▶ **Work item**
Transcribe the entries below word for word, beginning at the line with "Erlebedie Aufregende Welt" and stopping after the line with "Goldene Hufeisen Charm-Einhänger"; drop all pictures.

▶ **Source information**
################
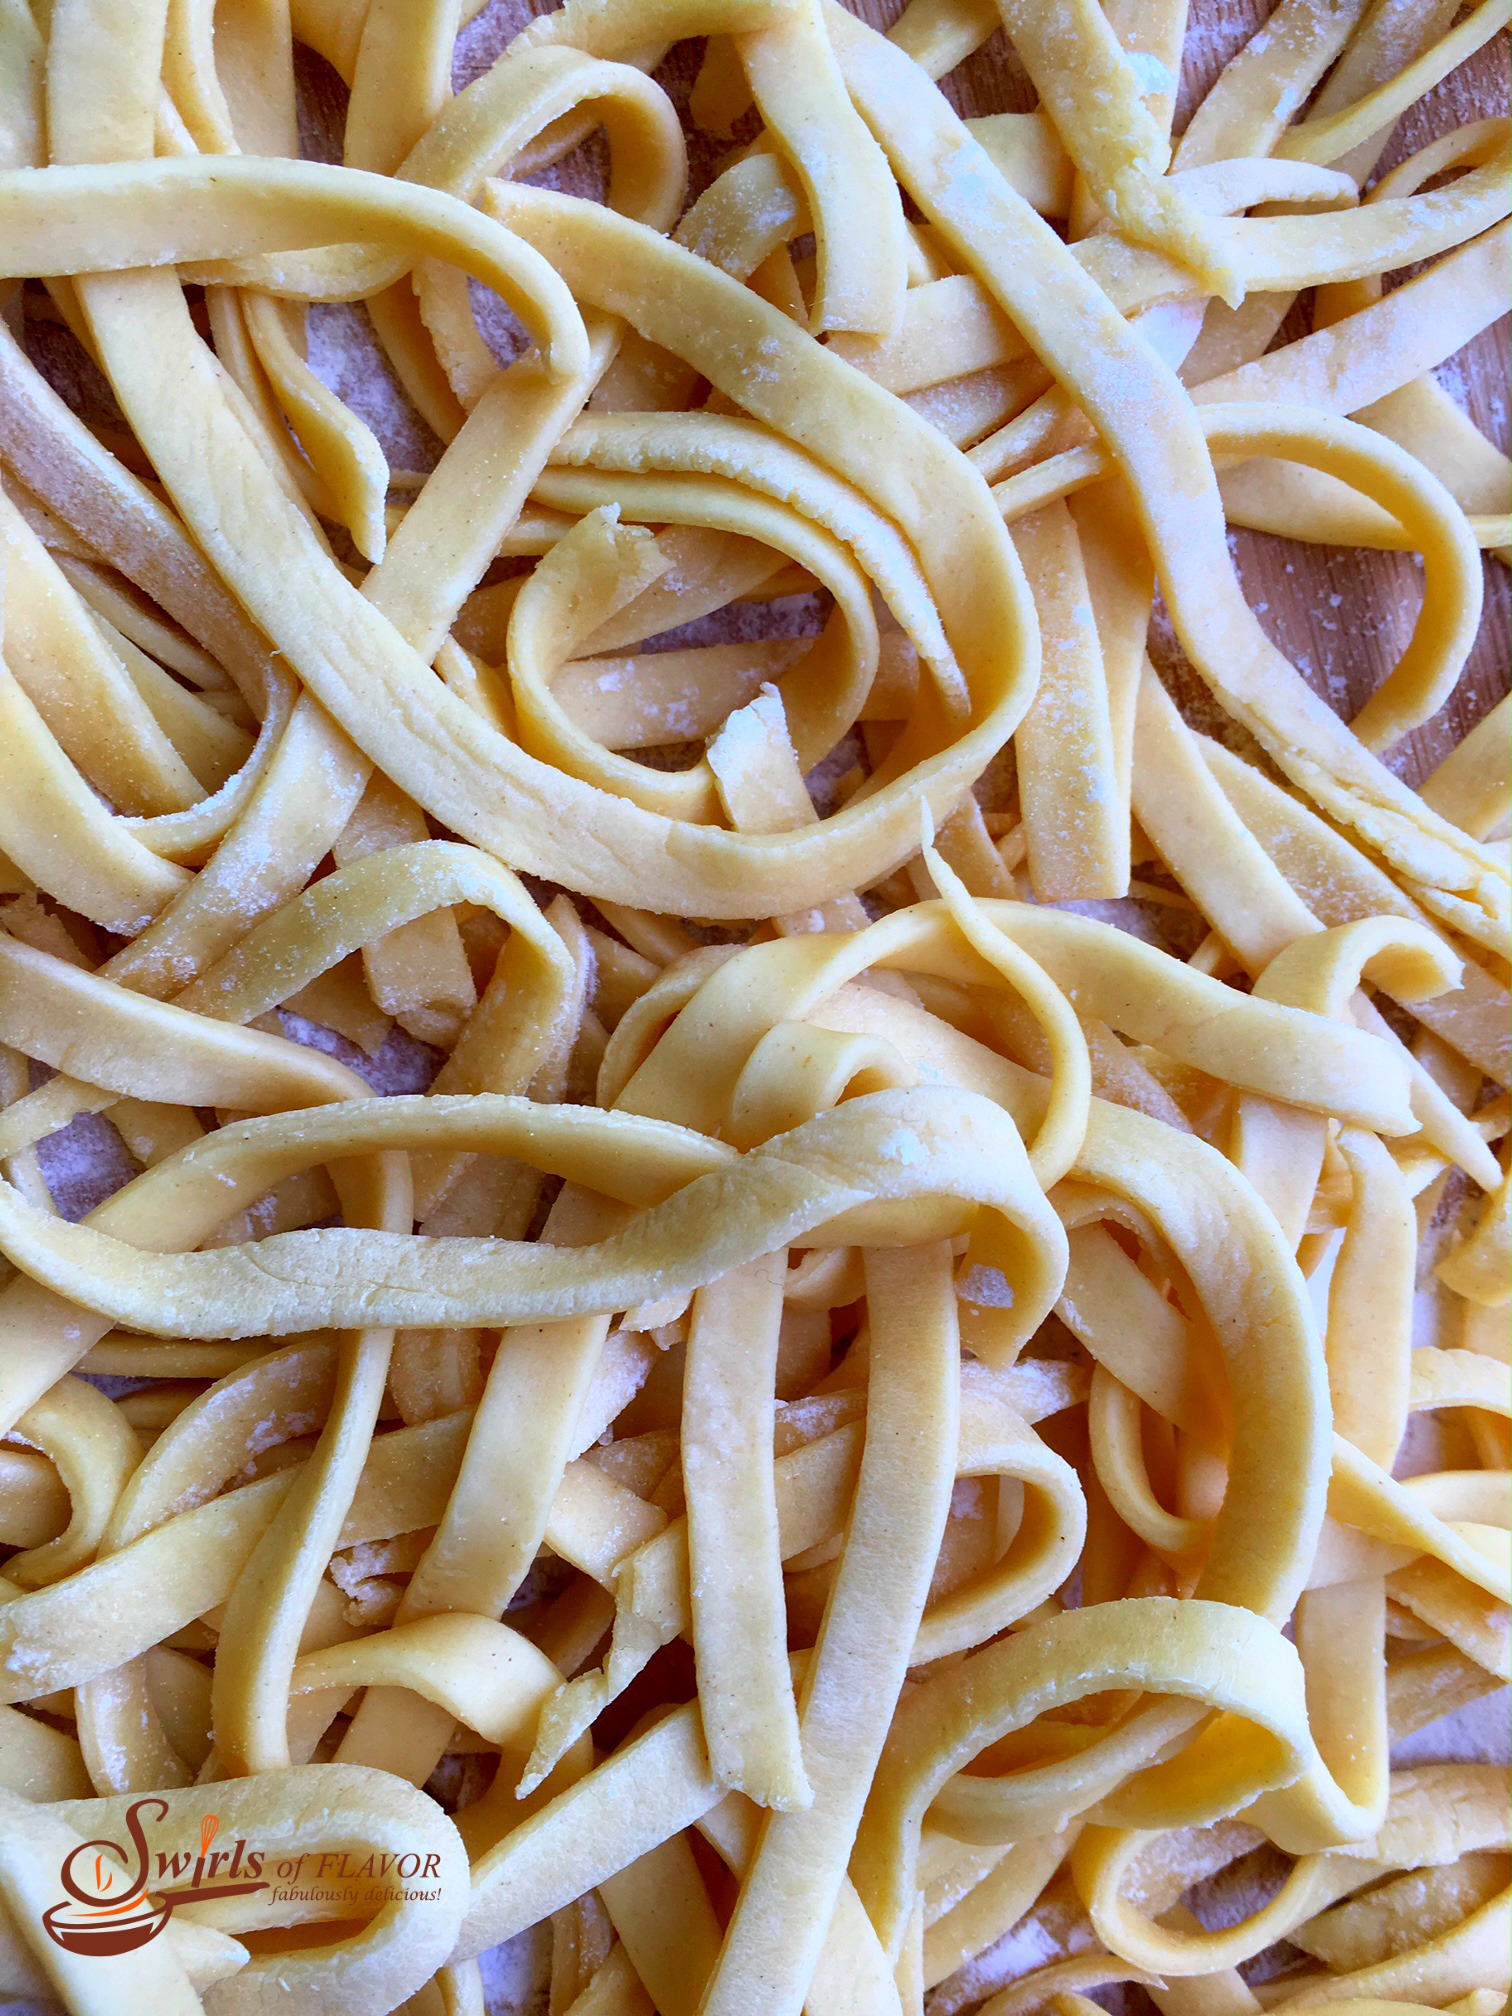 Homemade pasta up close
################
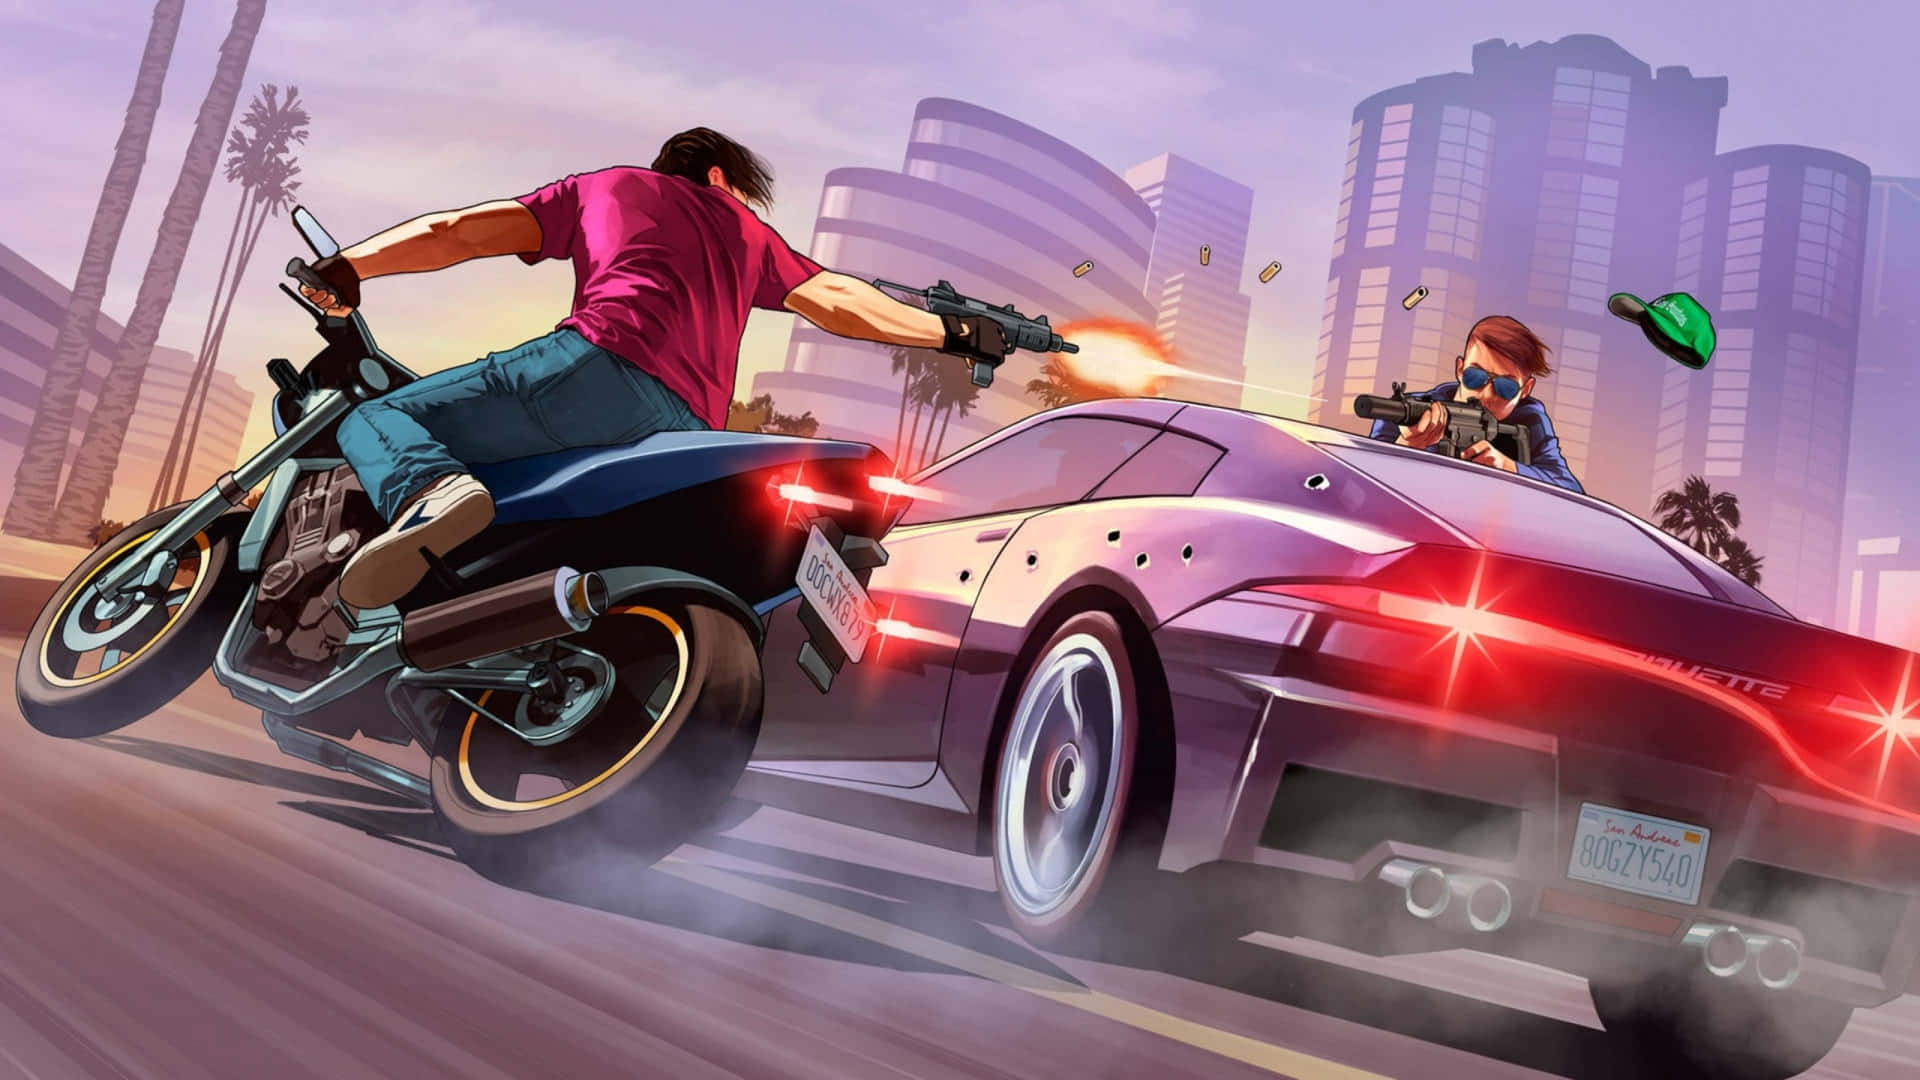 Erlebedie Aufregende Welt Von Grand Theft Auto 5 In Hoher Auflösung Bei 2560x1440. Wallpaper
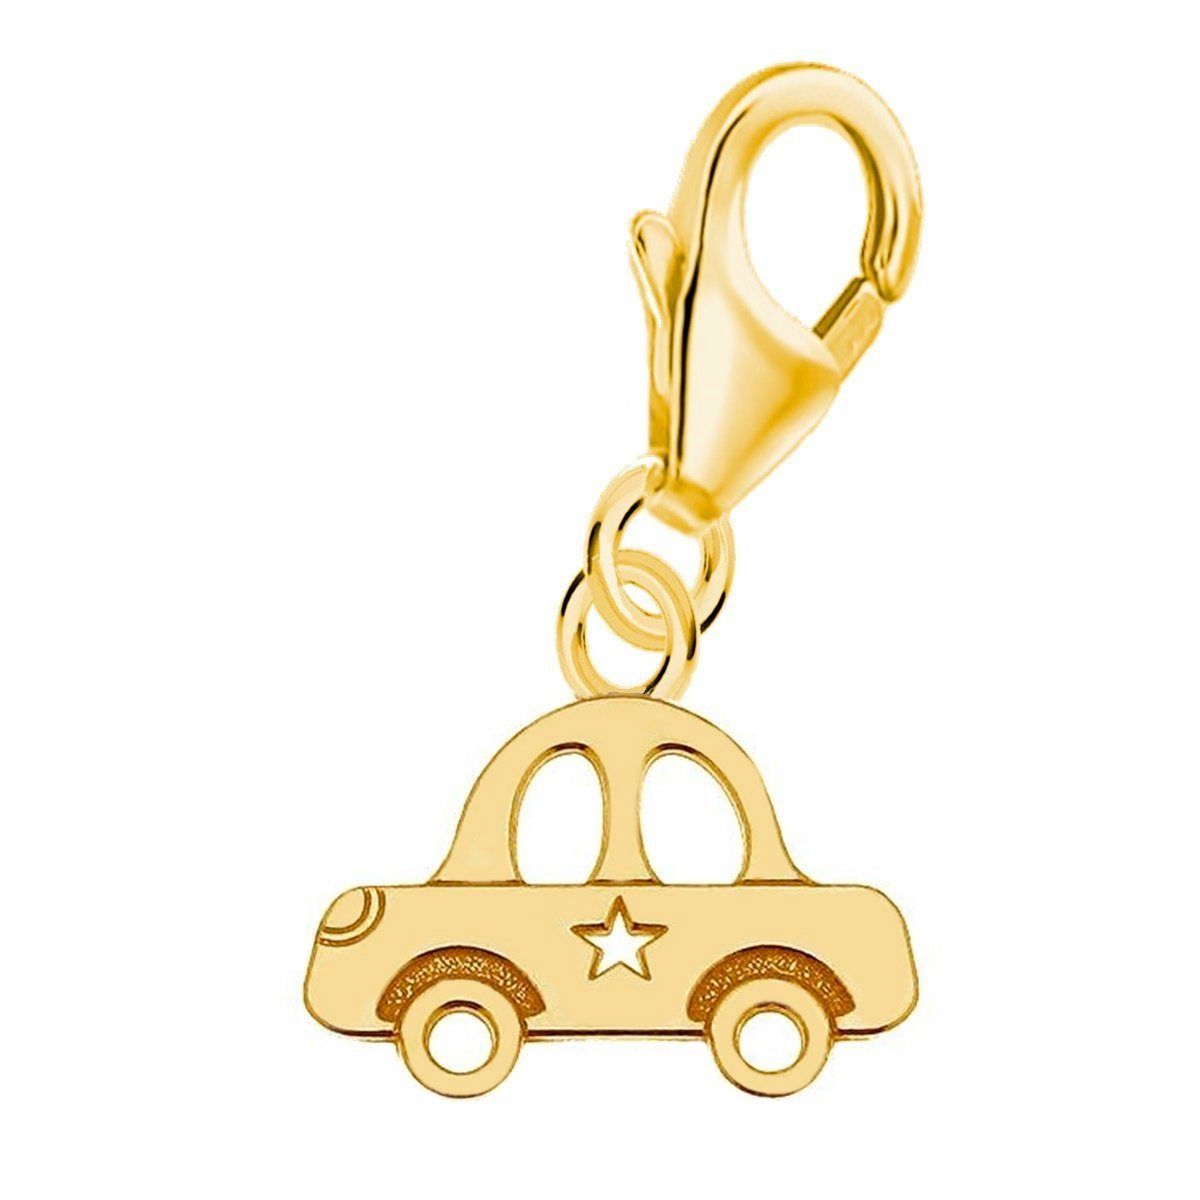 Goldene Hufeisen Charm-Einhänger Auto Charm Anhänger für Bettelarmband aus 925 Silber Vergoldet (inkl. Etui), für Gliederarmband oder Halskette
################
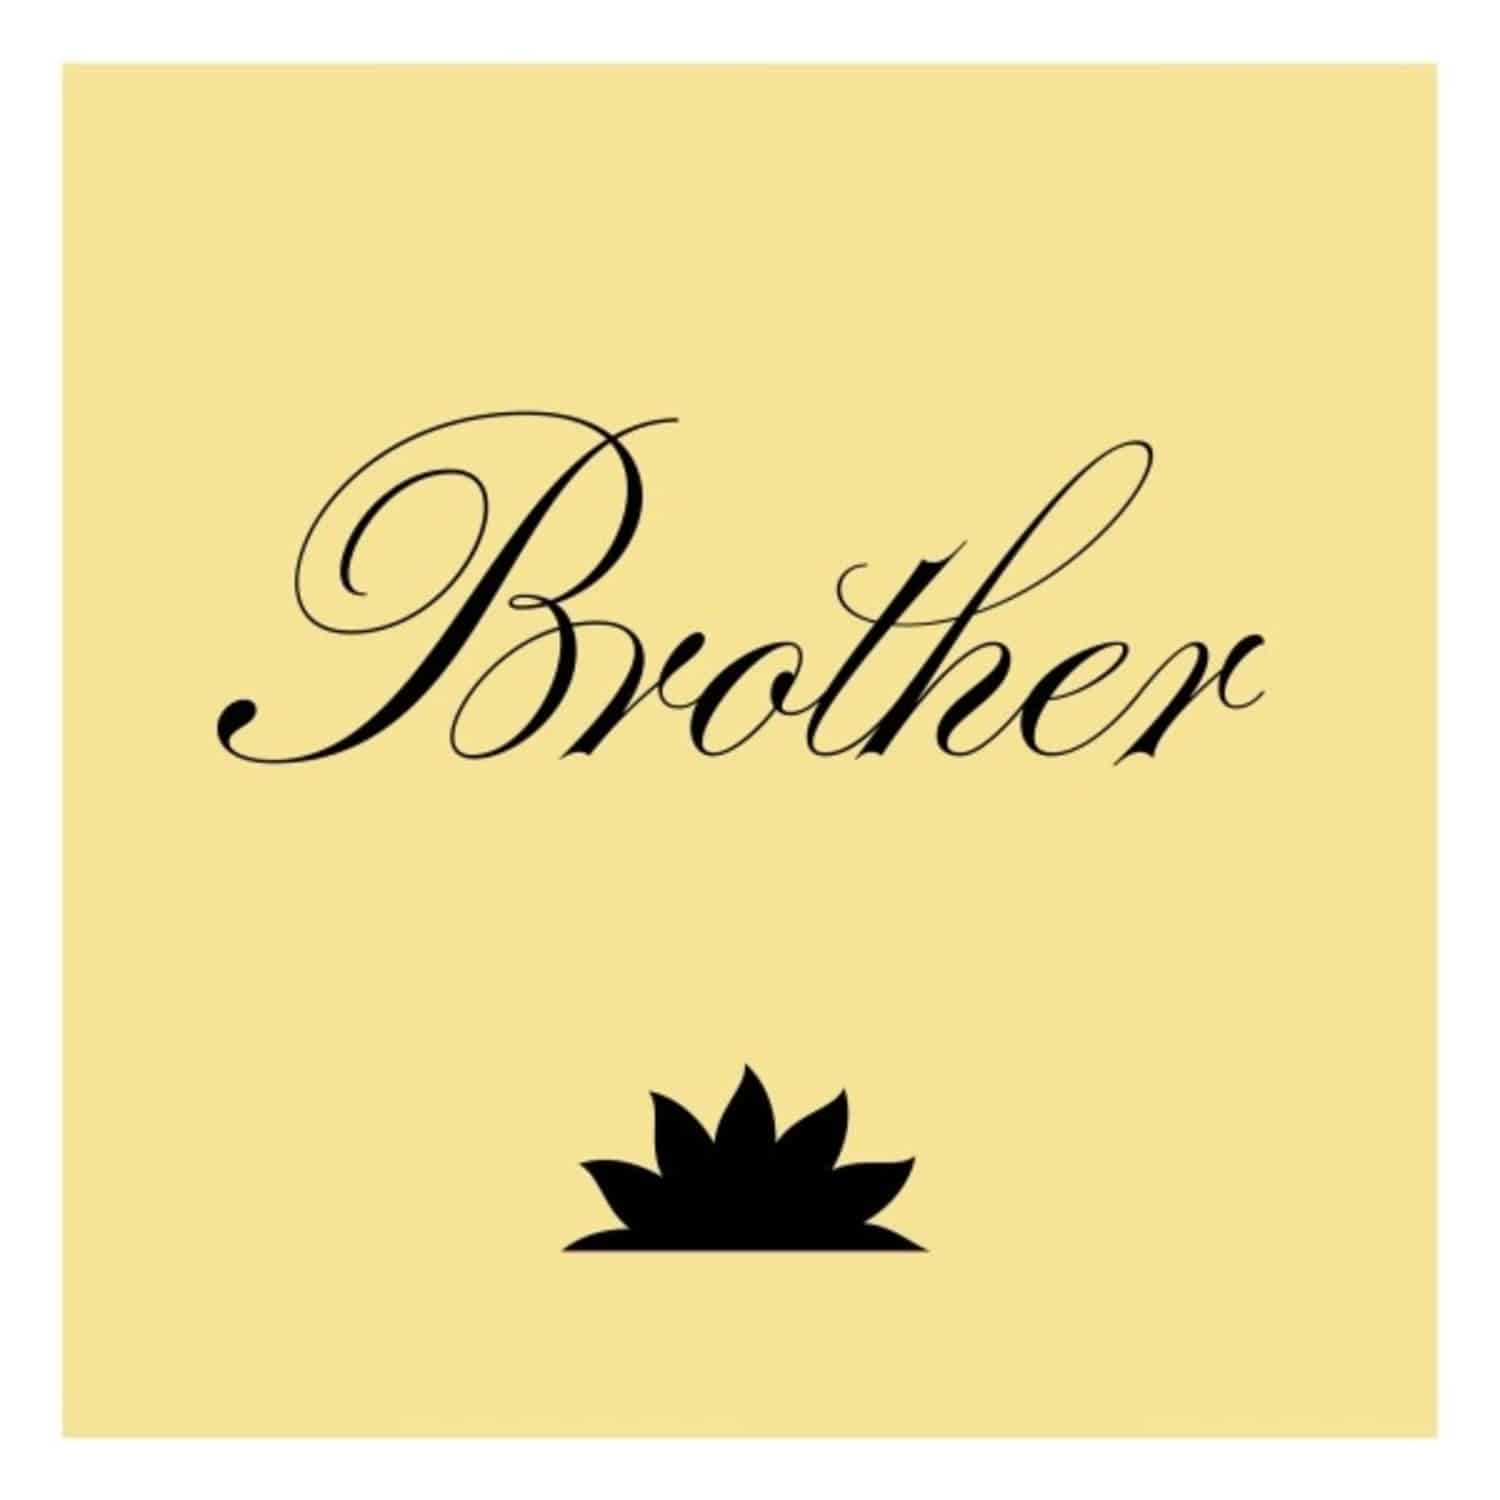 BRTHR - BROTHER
################
▶ **Response to this task**
 Erlebedie Aufregende Welt Von Grand Theft Auto 5 In Hoher Auflösung Bei 2560x1440. Wallpaper
 Goldene Hufeisen Charm-Einhänger Auto Charm Anhänger für Bettelarmband aus 925 Silber Vergoldet (inkl. Etui), für Gliederarmband oder Halskette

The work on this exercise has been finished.